• **PROBLEM**: Verbatim copy without images: return all of the data as it stands.

• **GIVEN MATERIAL**:
* * * * * * *

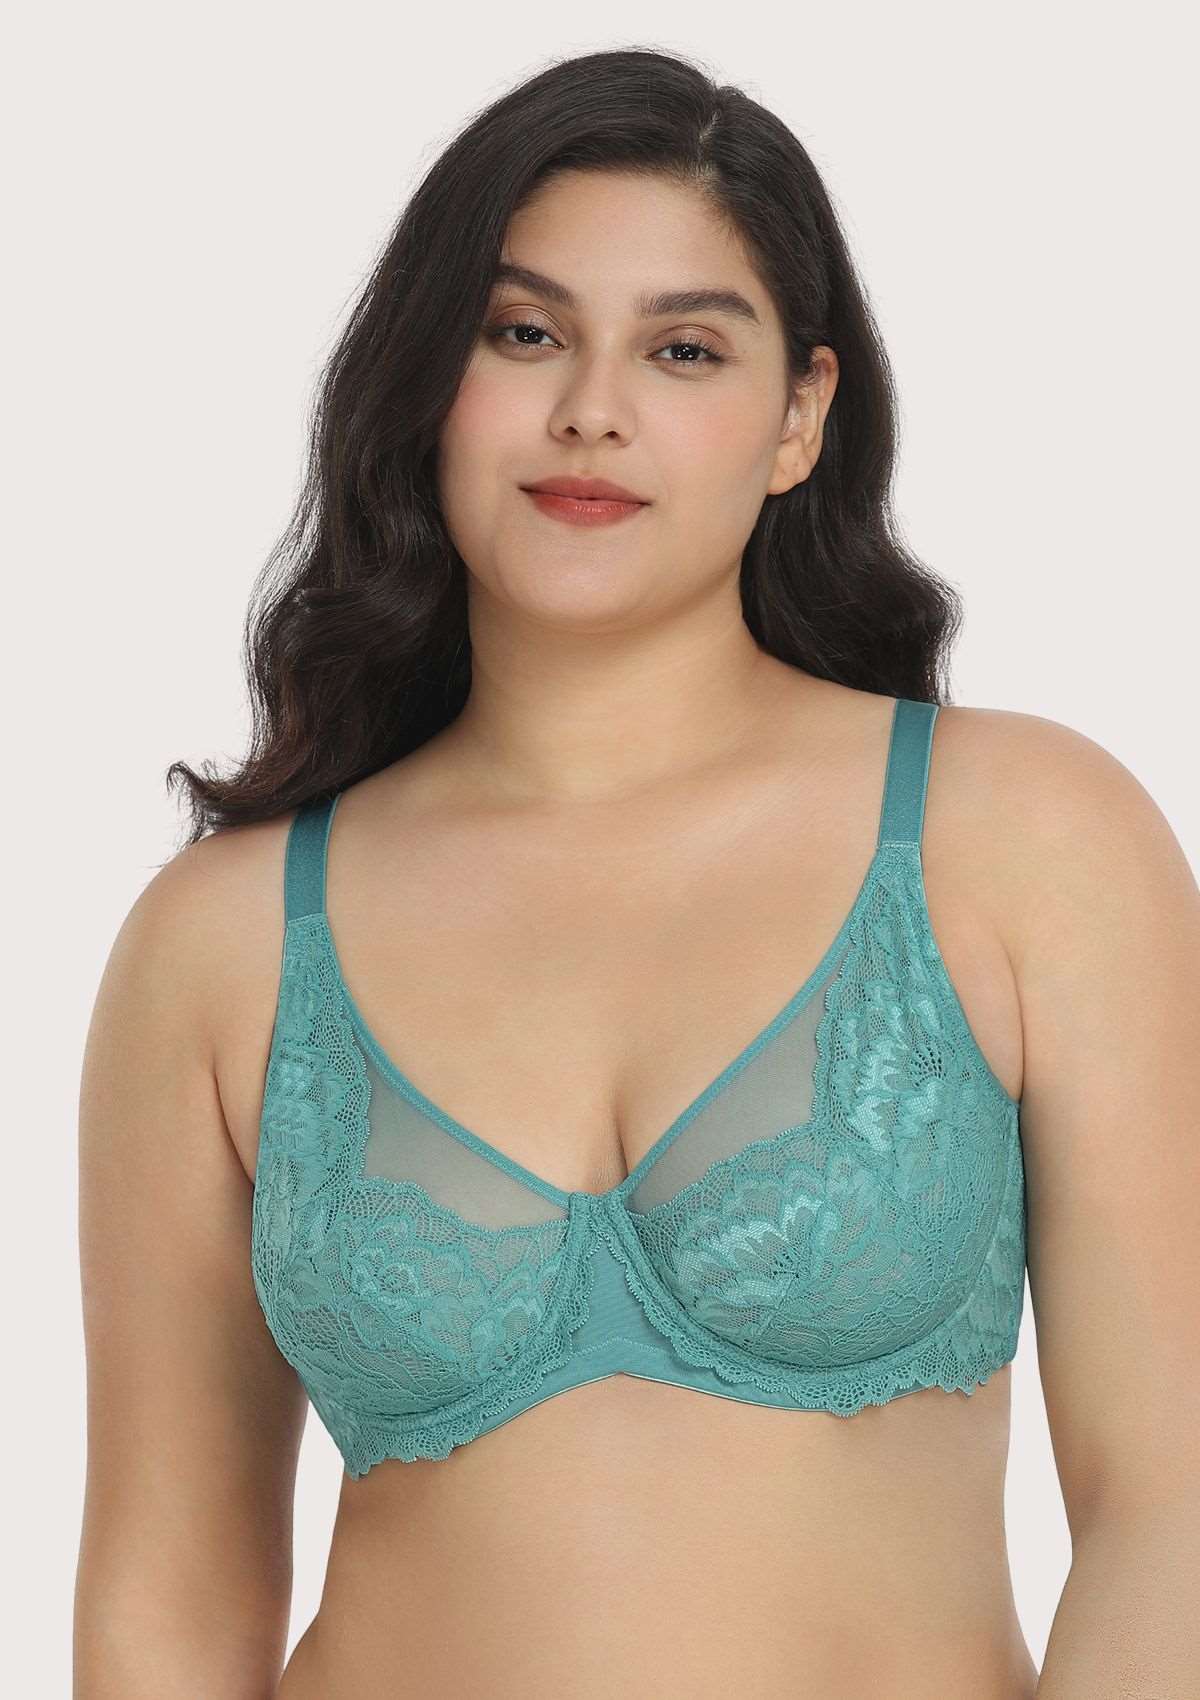 HSIA Paeonia Lace Full Coverage Underwire Non-Padded Uplifting Bra - Teal / 38 / D
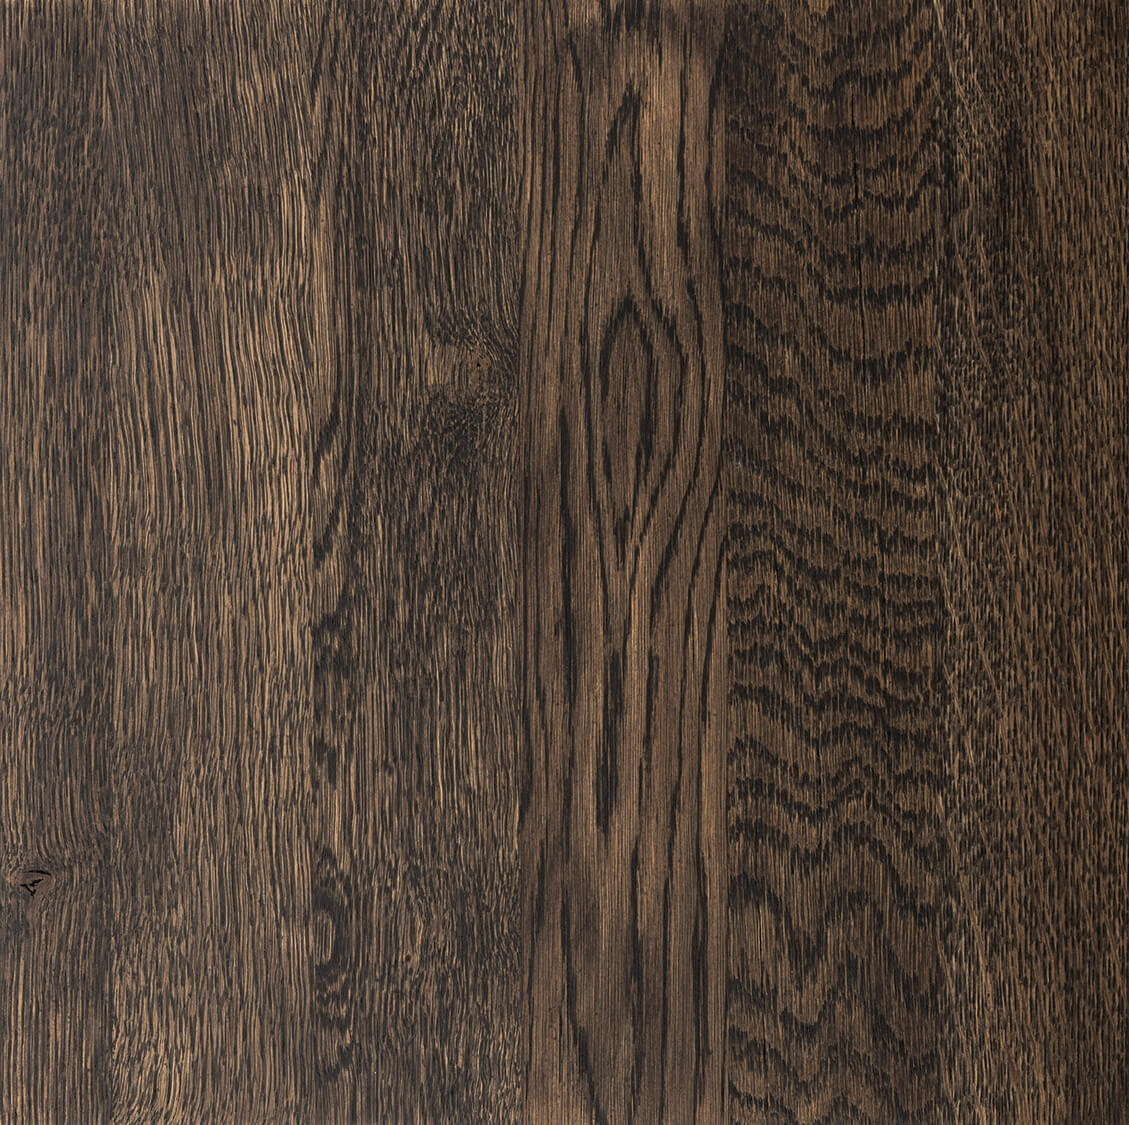 Oak carbon stained
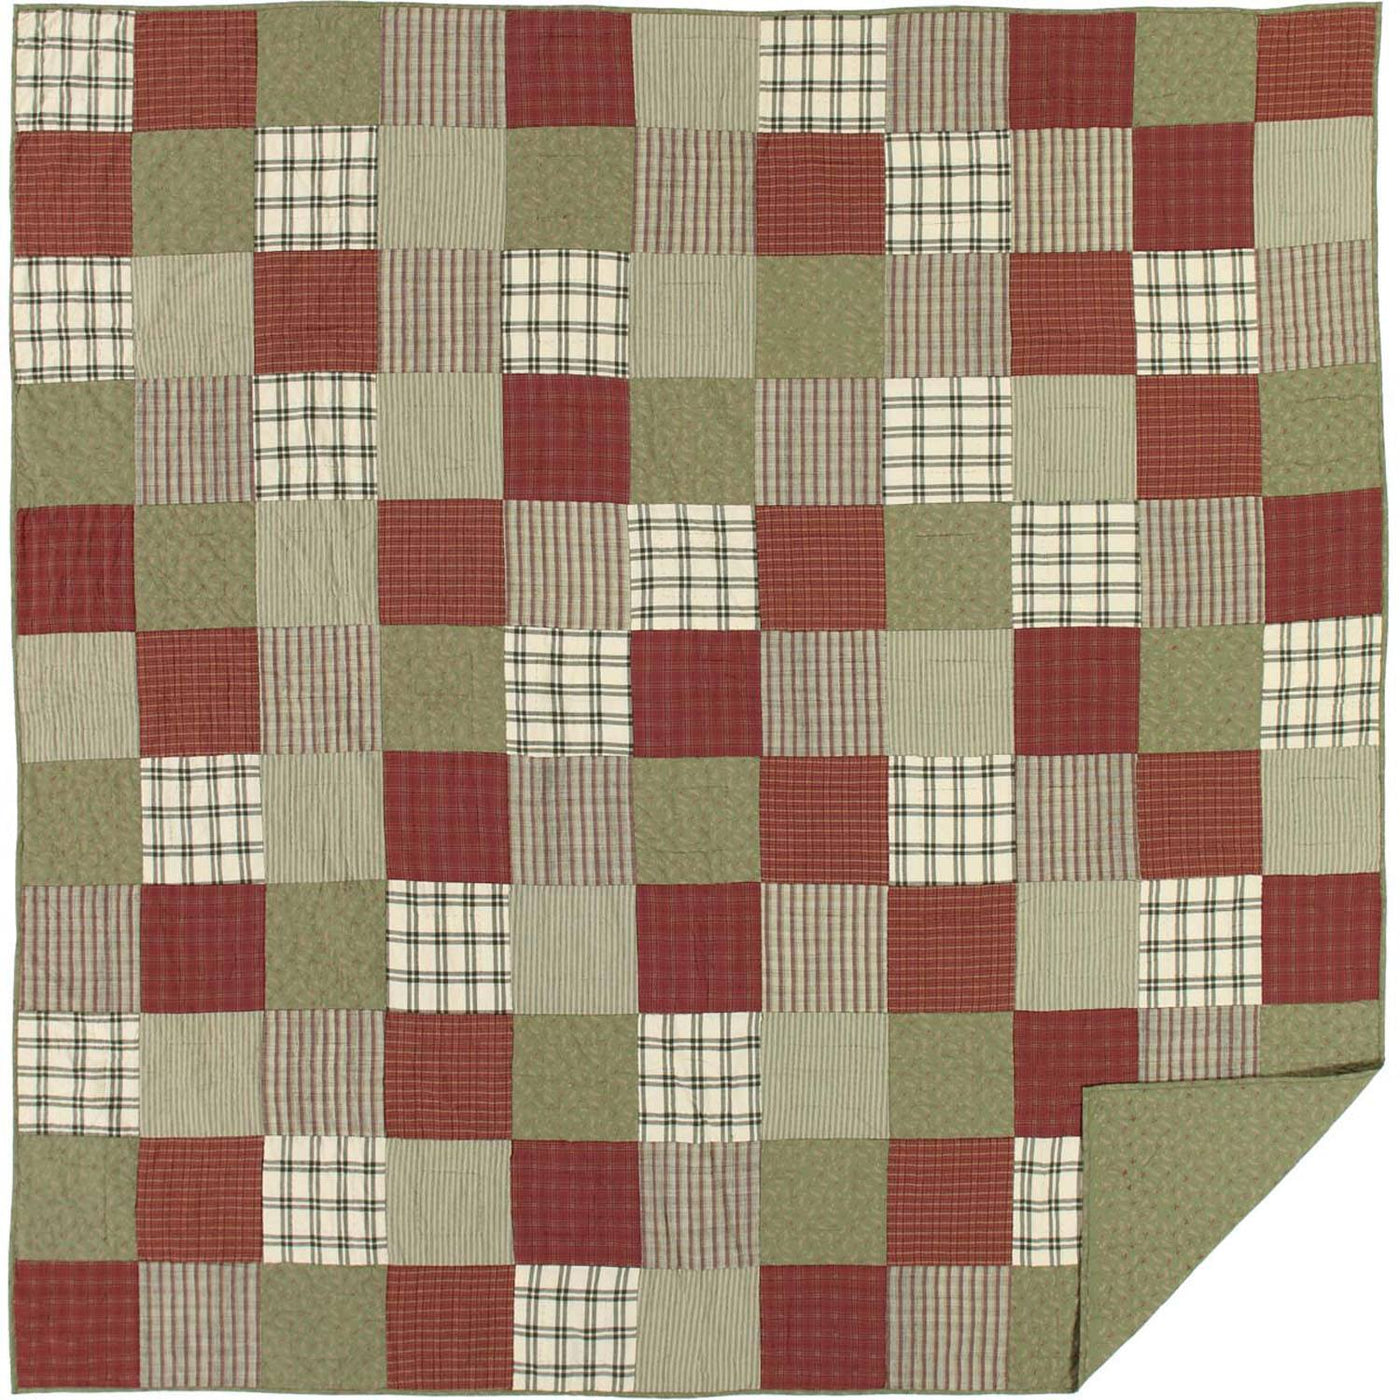 Mayfred Queen Quilt - Khaki/Barn Red

* * * * * * *

• **EXPECTED ANSWER**:
 HSIA Paeonia Lace Full Coverage Underwire Non-Padded Uplifting Bra - Teal / 38 / D
 Oak carbon stained
 Mayfred Queen Quilt - Khaki/Barn Red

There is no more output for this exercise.